Records provided >>
◇ ◇ ◇ ◇ ◇

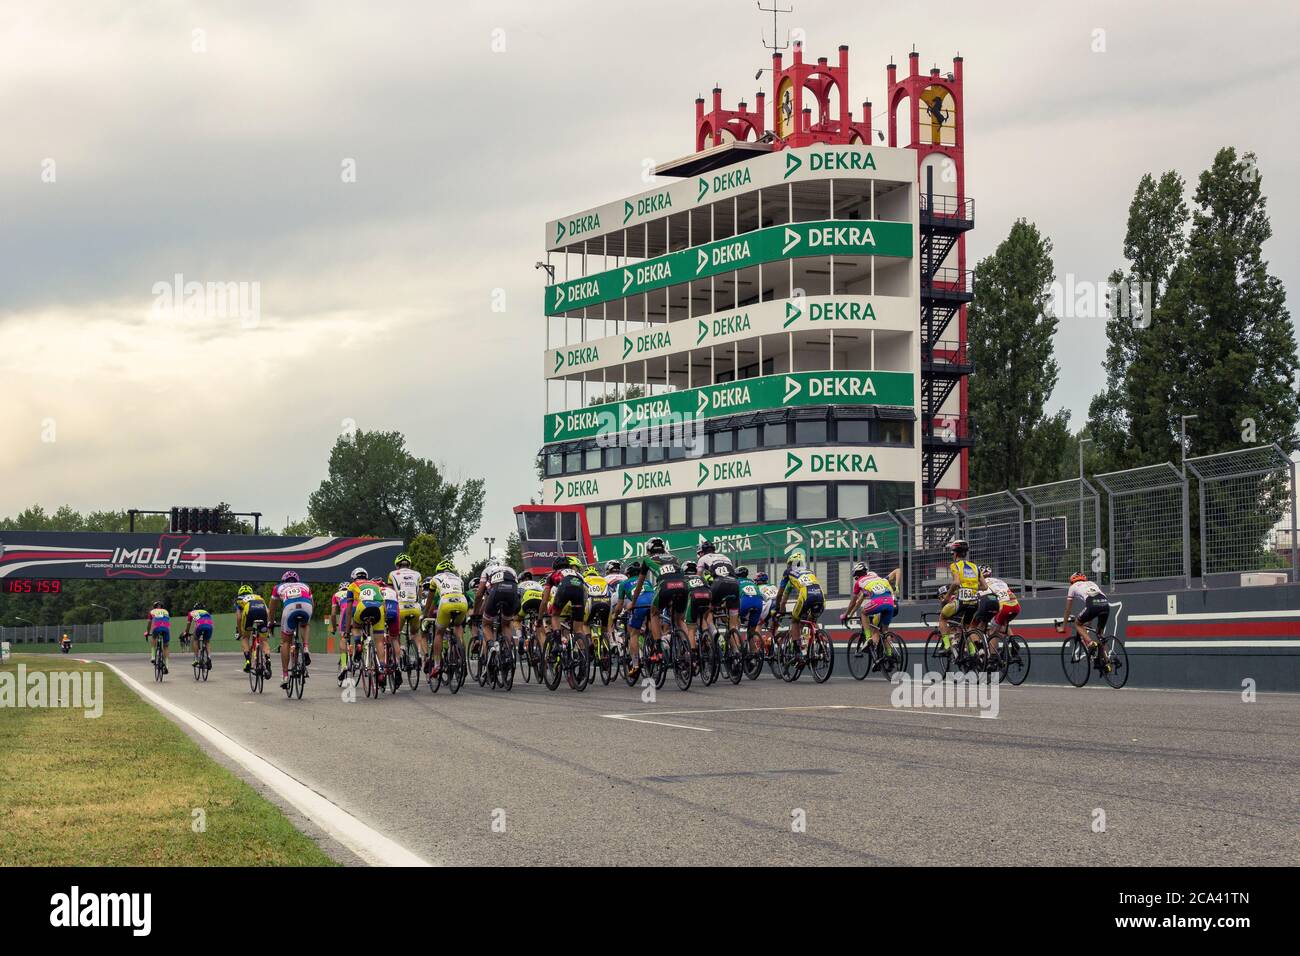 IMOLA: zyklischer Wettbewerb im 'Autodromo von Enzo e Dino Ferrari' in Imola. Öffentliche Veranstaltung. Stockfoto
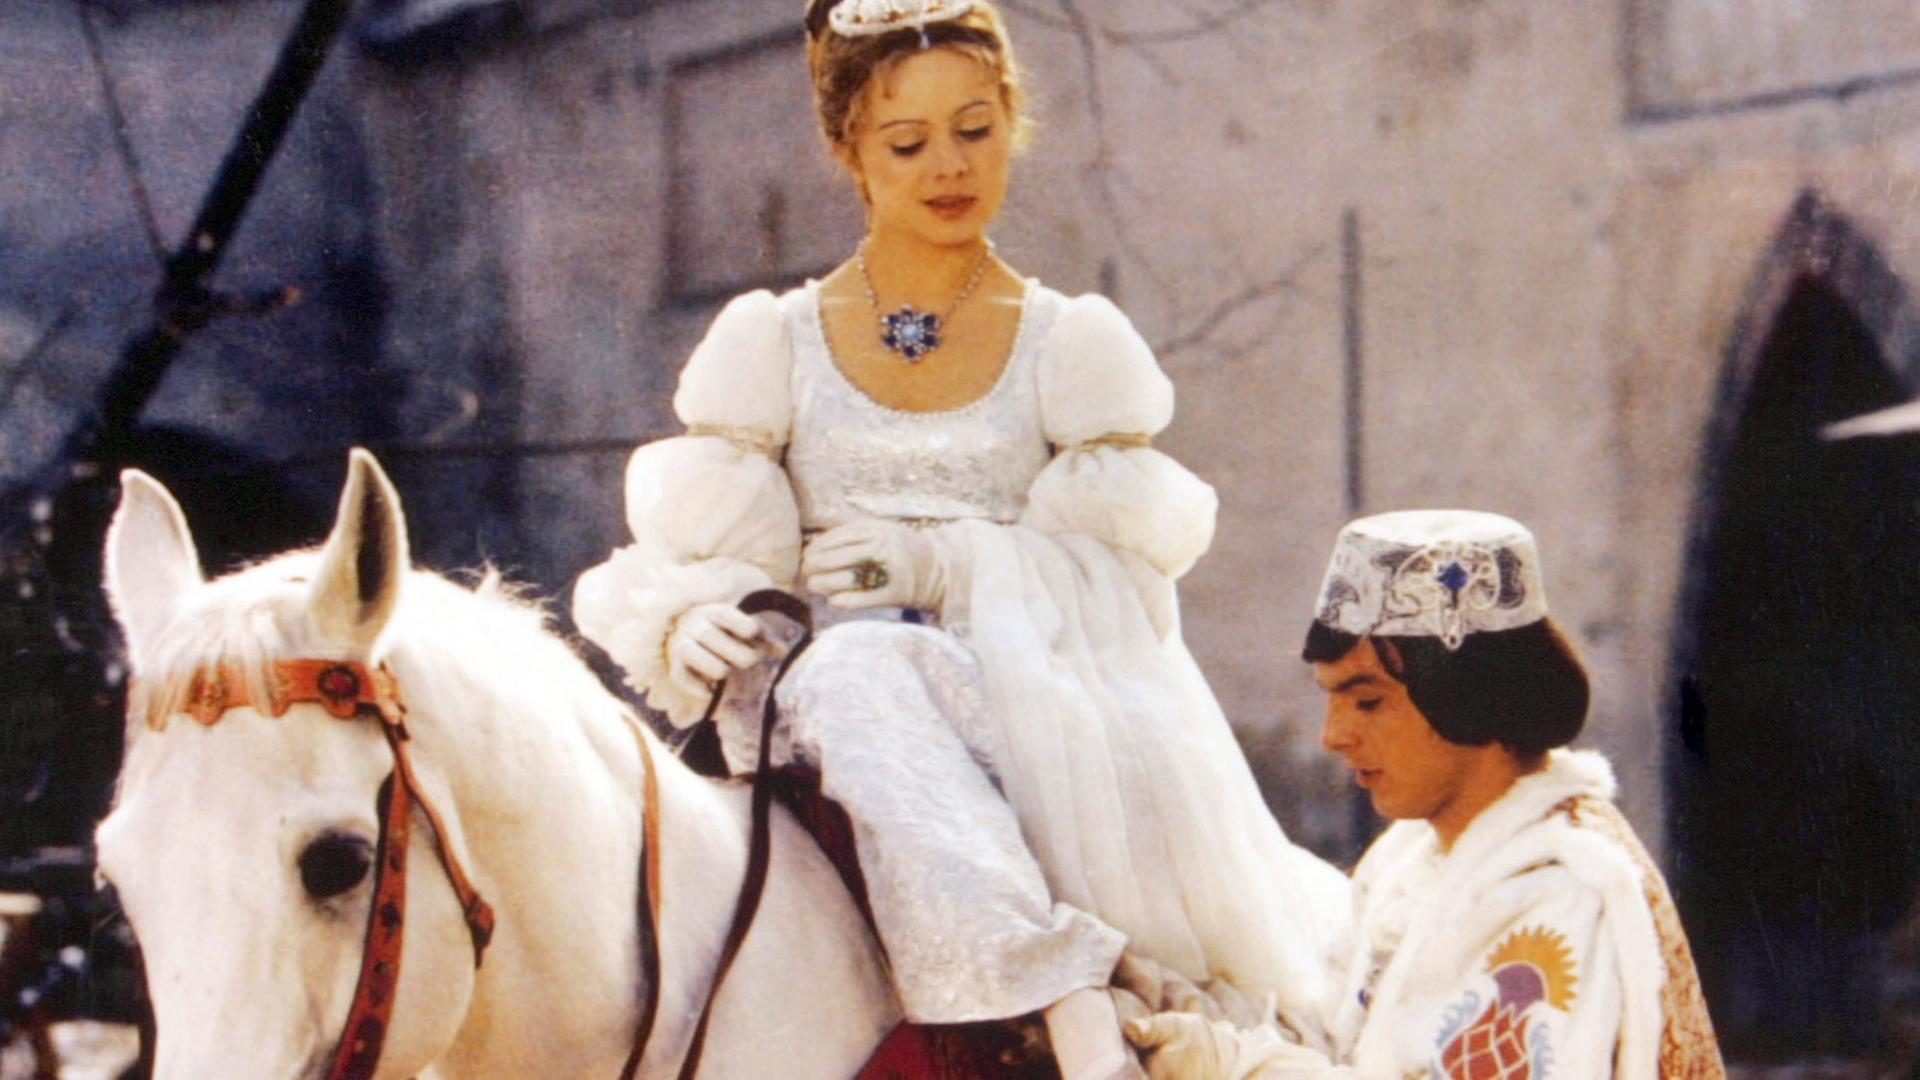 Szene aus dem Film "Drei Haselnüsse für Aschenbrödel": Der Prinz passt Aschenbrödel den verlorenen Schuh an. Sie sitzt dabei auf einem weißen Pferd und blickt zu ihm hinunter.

◇ ◇ ◇ ◇ ◇

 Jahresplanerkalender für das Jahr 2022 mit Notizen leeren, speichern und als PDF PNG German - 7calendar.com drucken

◇ ◇ ◇ ◇ ◇

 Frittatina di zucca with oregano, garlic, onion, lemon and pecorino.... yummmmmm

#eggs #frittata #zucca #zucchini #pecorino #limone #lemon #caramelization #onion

◇ ◇ ◇ ◇ ◇

What is required >>
Those lines of the records above that run from the one containing "IMOLA: zyklischer Wettbewerb" through the one containing "Szene aus dem" should be returned exactly, with no pictures among them.

Written solution >>
 IMOLA: zyklischer Wettbewerb im 'Autodromo von Enzo e Dino Ferrari' in Imola. Öffentliche Veranstaltung. Stockfoto
 Szene aus dem Film "Drei Haselnüsse für Aschenbrödel": Der Prinz passt Aschenbrödel den verlorenen Schuh an. Sie sitzt dabei auf einem weißen Pferd und blickt zu ihm hinunter.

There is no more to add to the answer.